4.4. Pollutant emissions
Pollutant emission is always an important indicator for different kinds of power plants. For SOFC, electrochemical reactions take place inside fuel cells. Differing from traditional plants, no chemical energy converts to heat which might cut pollutant formation process. However, oxy-combustor adds burning step into systems which may cause some emission problem. In practical IGFC system, syngas contains amount N2 even O2 gasification technology is involved. So combustor pollutant is mainly consisting of CO and NOx. CRN model is used to compute pollutant emissions of the oxy-combustor. Cycling1 case with a total fuel utilization rate of 86% is computed compared with Single2 case whose total fuel utilization rate is 80%. As shown above, this leads to a difference between components of exhaust gas. In this period, exhaust gas contains 3% N2 by volume in simulation case. Ratio of other component is kept as before. Emissions under different excess O2 quantity are computed. Results are shown in Fig. 9 and Fig. 10.

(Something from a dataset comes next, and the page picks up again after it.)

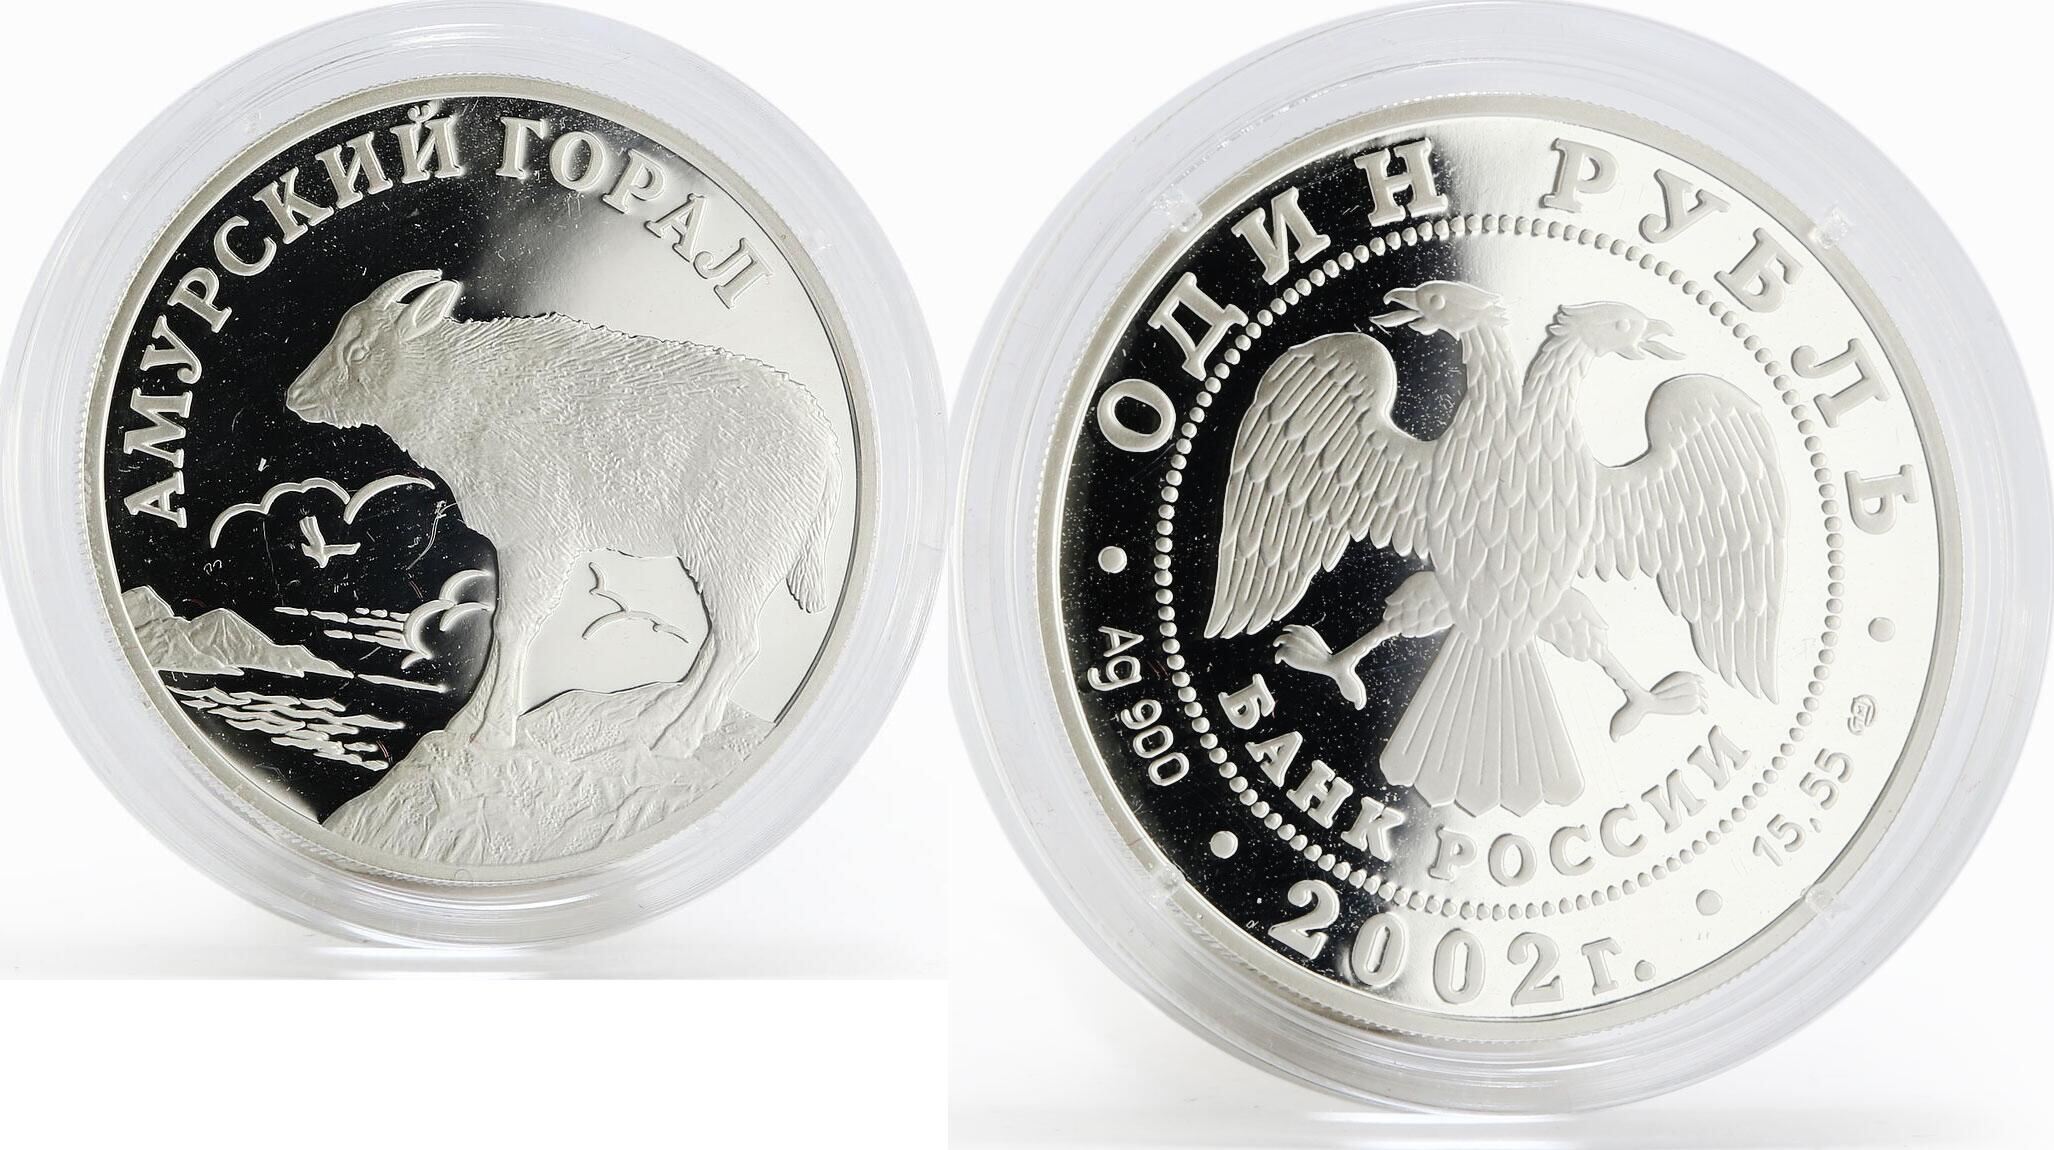 Монета серебро Пеликан. Серебряные монеты 1 рубль Австралии. Гвина монета серебро. Брат 25 монеты серебро. 3 рубля екатеринбург

It is shown that both CO and NOx emissions decrease with rising of excess O2 percent. It is known that NOx formation is directly related to flame temperature. When excess O2 percent is low, local flame temperature could be higher which leads to higher NOx emissions. On the other side, more excess O2 supply makes CO burnt more completely which means lower CO emissions. Therefore, excess O2 supply is in favor of pollutant reducing. Combined with mentioned, if CO2 concentration could meet the requirement of CO2 capturing, O2 should be supplied as more as possible. Barely influence of excess O2 percent is shown on combustor exit temperature since O2 flow rate varies slightly. Single2 case releases more CO and NOx than Cycling1. It is because that Single2 case has a lower total utilization rate of 80% in fuel cells which means exhaust gas contains more combustible component. Flame temperature of Single2 case is about 2000K whereas it is 1650K for Cycling1 case. High temperature leads to high NOx emission. Besides, Single2 case contains more H2 so that H2O mole fraction is high after burning. Water vapor prevents CO converting to CO2 especially under high temperature, which leads to high CO emission level (Wang et al. 2016). The experiment data above also shows some agreement to that. At this perspective, anode cycling design seems to have a better performance on emission reducing in theory compared with single pass design for no extra steam addition and less H2, though more experiments are needed further. As known, NOx formation increases extremely when temperature exceeds 1800K. It could be concluded that for system design, total fuel utilization percent had better be high enough to make oxygen flame temperature of anode exhaust gas lower than 1800K, which make systems environment friendly.